Other items weren’t packaged at all. If you went to the hardware store, you wouldn’t find tools with labels and plastic clamshell packaging. All you’d see was the tool. Sets were put together in wood, cloth, or metal cases that the tradesman would value and use as a case for the tools as long as they owned them. Hardware was in bins and put into paper bags that, like the paper wrapping for the cheese, could be used for the fireplace.

Wooden boxes and crates were commonplace
Wooden boxes and crates were commonplace

Then there were items made to order, again eliminating any need for packaging. The local tinsmith, blacksmith, and tailor didn’t need to package their wares as the people who bought them didn’t need to be impressed by the pictures on the box. They would take those items home and put them to use.

Planned obsolescence didn’t exist back then either. If you ordered a lamp from the local tinsmith, you’d keep it and use it for the rest of your life, cleaning and caring for it so that it would last. If anything happened to it, the lamp would go back to the tinsmith to be repaired, making it as good as new.

The Consumer

Often the packages items came in were just about as useful as the items themselves. Take the metal tins I was talking about earlier. I have a variety of small metal tins in my home, all of which came from some “collector’s edition” of a product. Not one of them was ever thrown away and they are all in use storing one thing or another. Wooden boxes and crates were commonplace, instead of today’s cardboard boxes.

Tin boxes were never thrown away and were used to store many things
Tin boxes were never thrown away and were used to store many things

Have you seen the articles about making a survival kit in an Altoids tin? While I don’t particularly like that sort of survival kit because it is too small, I use those little metal tins for a variety of things, including survival first-aid kits and survival fishing kits. I also have everything from small tools and hardware to office supplies stored in them.

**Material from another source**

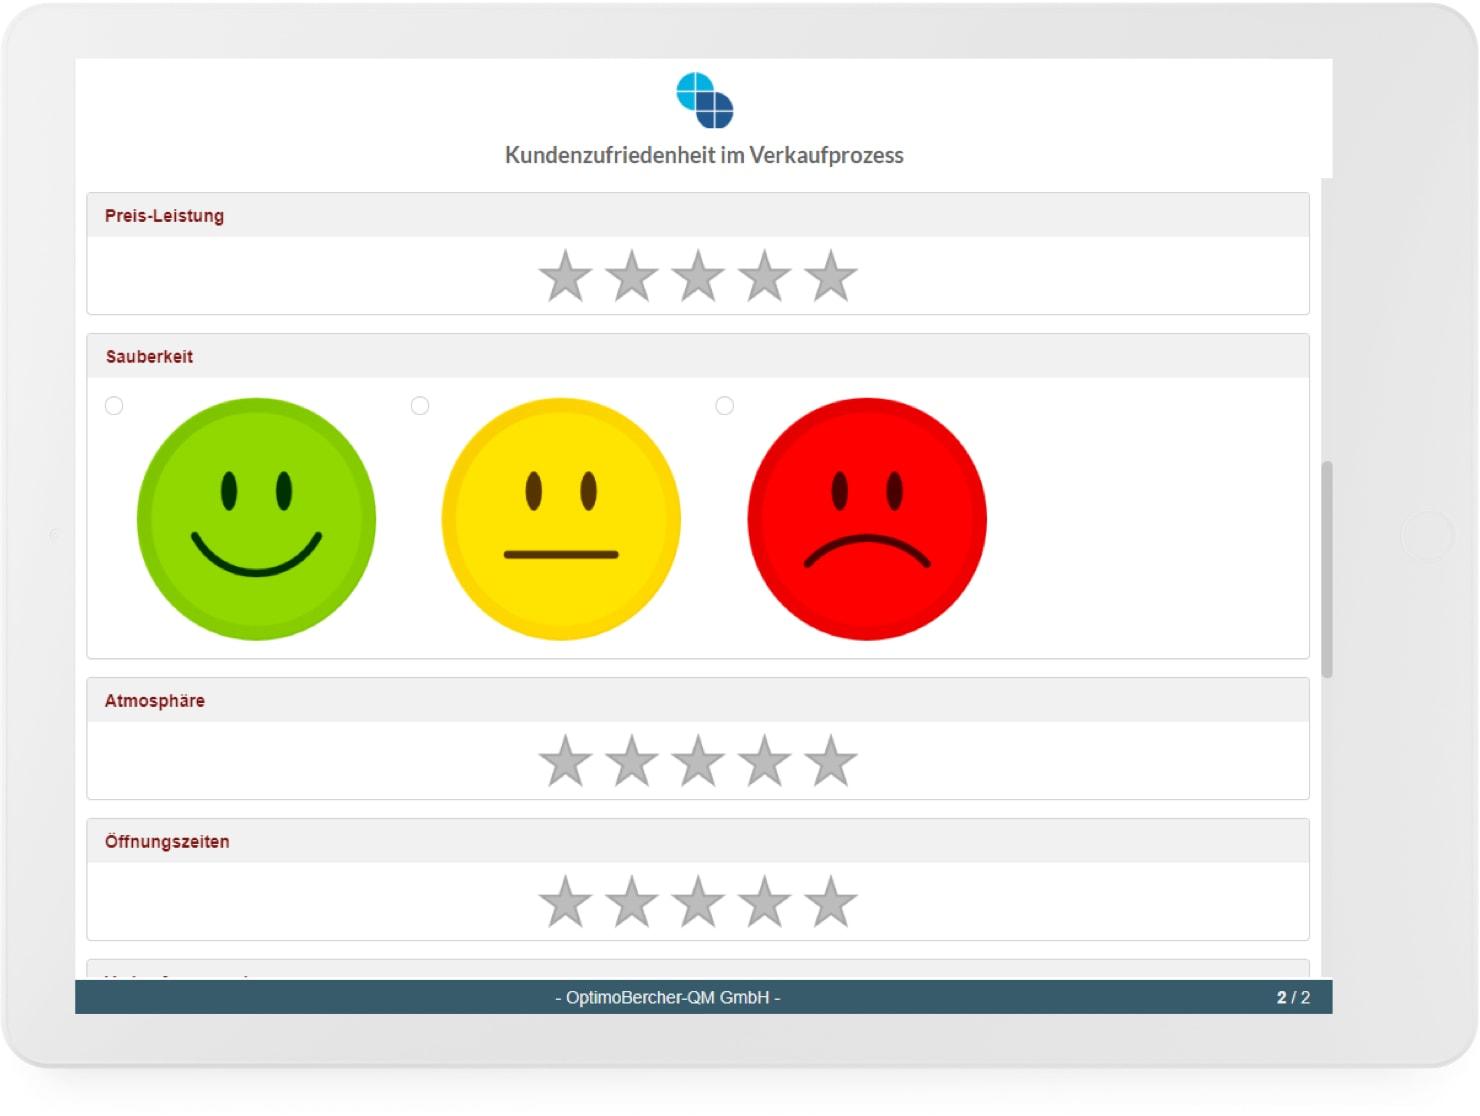 Die Meinung der Kunden ins Qualitätsmanagement mit einbeziehen mit Hilfe von anonymen Umfragen, die per QR-Code oder als Link bereitgestellt werden können.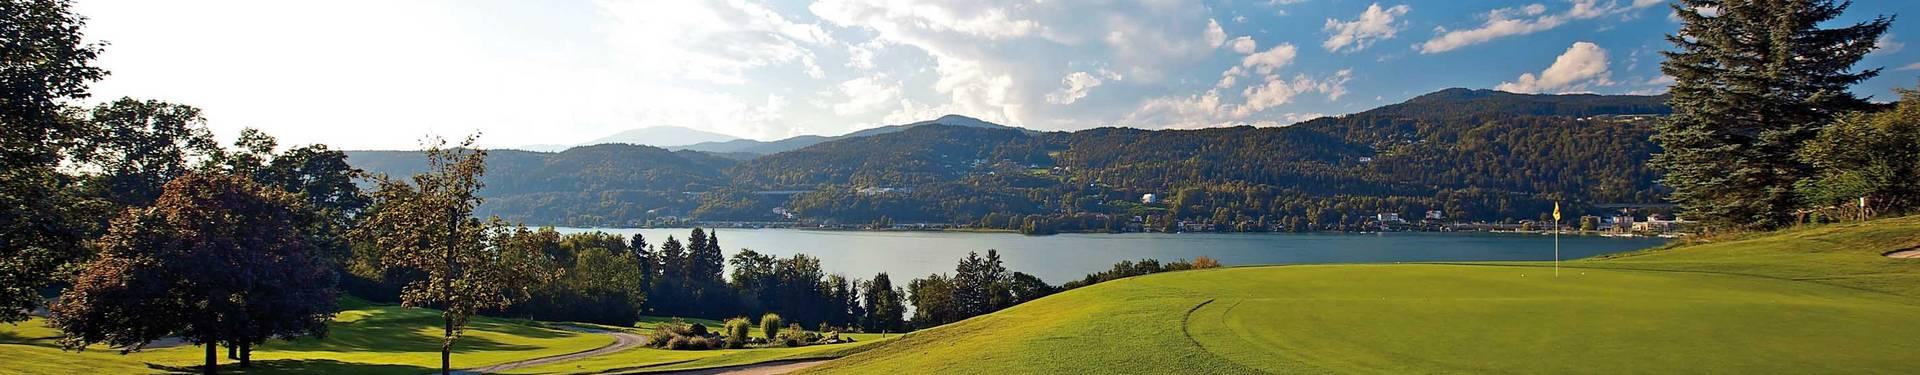 Ka__rntner_Golfclub_Dellach_2011-09-09_081.jpg

Pioneering families always took advantage of the containers their purchases came in. Wood boxes were used for storage. In some cases, the only “kitchen and bathroom cabinets” they had in the home were made from those crates. Burlap sacks were also a popular item from the general store. A variety of bulk produce items like rice, beans, potatoes, and onions came in these, giving families a ready source of sacks, which were often used as towels. They weren’t as soft and fluffy as our towels today are but they worked.

Wood boxes were used for storage
Wood boxes were used for storage

Before the invention of the tin can, buying canned goods was a boon because the jar could be reused. Rather than the thin glass jars of today, canned items came in the same kinds of canning jars that people would use at home. So as long as they bought new lids, they could use those jars over and over again.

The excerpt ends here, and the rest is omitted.